SHMamba: Structured Hyperbolic State Space Model for Audio-Visual Question Answering

The Audio-Visual Question Answering (AVQA) task holds significant potential for applications. Compared to traditional unimodal approaches, the multi-modal input of AVQA makes feature extraction and fusion processes more challenging. Euclidean space is difficult to effectively represent multi-dimensional relationships of data. Especially when extracting and processing data with a tree structure or hierarchical structure, Euclidean space is not suitable as an embedding space. Additionally, the self-attention mechanism in Transformers is effective in capturing the dynamic relationships between elements in a sequence. However, the self-attention mechanism's limitations in window modeling and quadratic computational complexity reduce its effectiveness in modeling long sequences. To address these limitations, we propose SHMamba: Structured Hyperbolic State Space Model to integrate the advantages of hyperbolic geometry and state space models. Specifically, SHMamba leverages the intrinsic properties of hyperbolic space to represent hierarchical structures and complex relationships in audio-visual data. Meanwhile, the state space model captures dynamic changes over time by globally modeling the entire sequence. Furthermore, we introduce an adaptive curvature hyperbolic alignment module and a cross fusion block to enhance the understanding of hierarchical structures and the dynamic exchange of cross-modal information, respectively. Extensive experiments demonstrate that SHMamba outperforms previous methods with fewer parameters and computational costs. Our learnable parameters are reduced by 78.12\%, while the average performance improves by 2.53\%. Experiments show that our method demonstrates superiority among all current major methods and is more suitable for practical application scenarios.

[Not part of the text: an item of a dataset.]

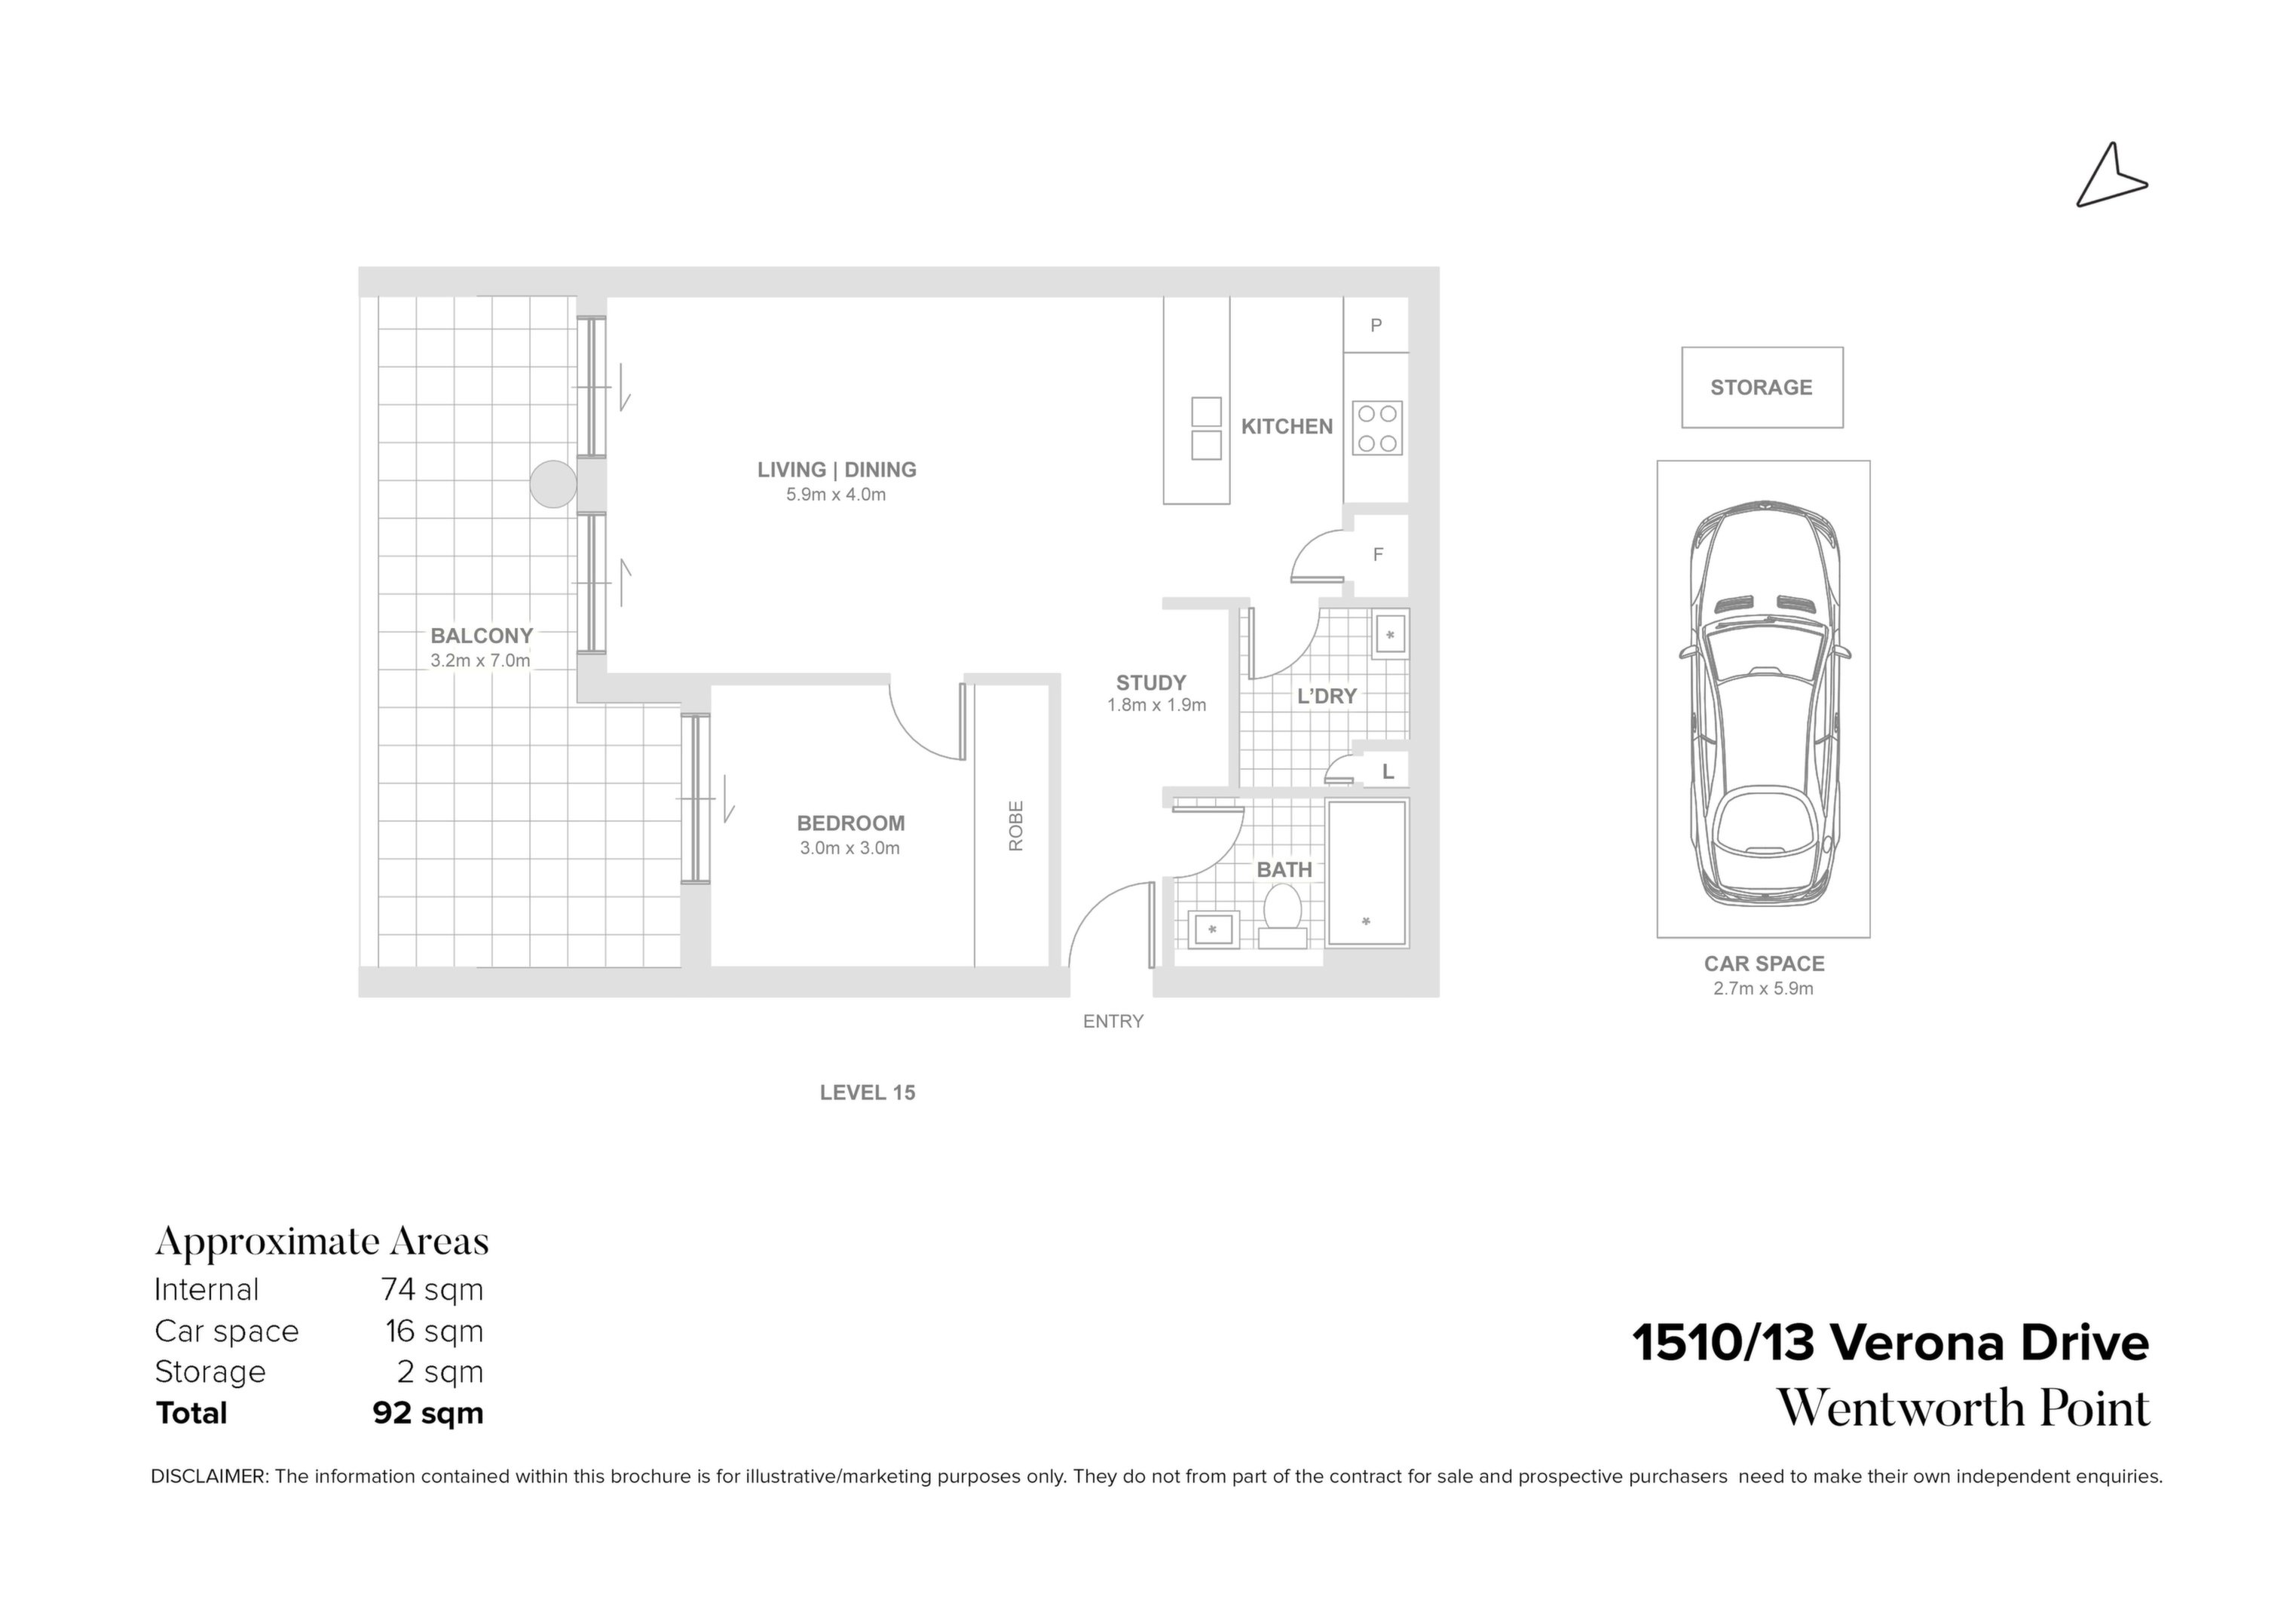 1510/13 Verona Drive, Wentworth Point Sold by Chidiac Realty - floorplan

翻译：视听问答（AVQA）任务具有重要的应用潜力。与传统单模态方法相比，AVQA的多模态输入使得特征提取与融合过程更具挑战性。欧几里得空间难以有效表征数据的高维关系，尤其在提取和处理具有树状结构或层次结构的数据时，欧几里得空间不适合作为嵌入空间。此外，Transformer中的自注意力机制虽能有效捕捉序列元素间的动态关系，但其在窗口建模方面的局限性及二次计算复杂度降低了其在长序列建模中的效率。为应对这些局限，我们提出SHMamba：一种结构化双曲状态空间模型，以整合双曲几何与状态空间模型的优势。具体而言，SHMamba利用双曲空间的内禀特性来表征视听数据中的层次结构与复杂关系；同时，状态空间模型通过对整个序列进行全局建模来捕捉随时间变化的动态特征。此外，我们引入了自适应曲率双曲对齐模块与跨模态融合块，分别用于增强对层次结构的理解以及跨模态信息的动态交互。大量实验表明，SHMamba以更少的参数量和计算成本超越了现有方法。我们的可学习参数减少了78.12%，而平均性能提升了2.53%。实验证明，本方法在当前所有主流方法中均表现出优越性，且更适用于实际应用场景。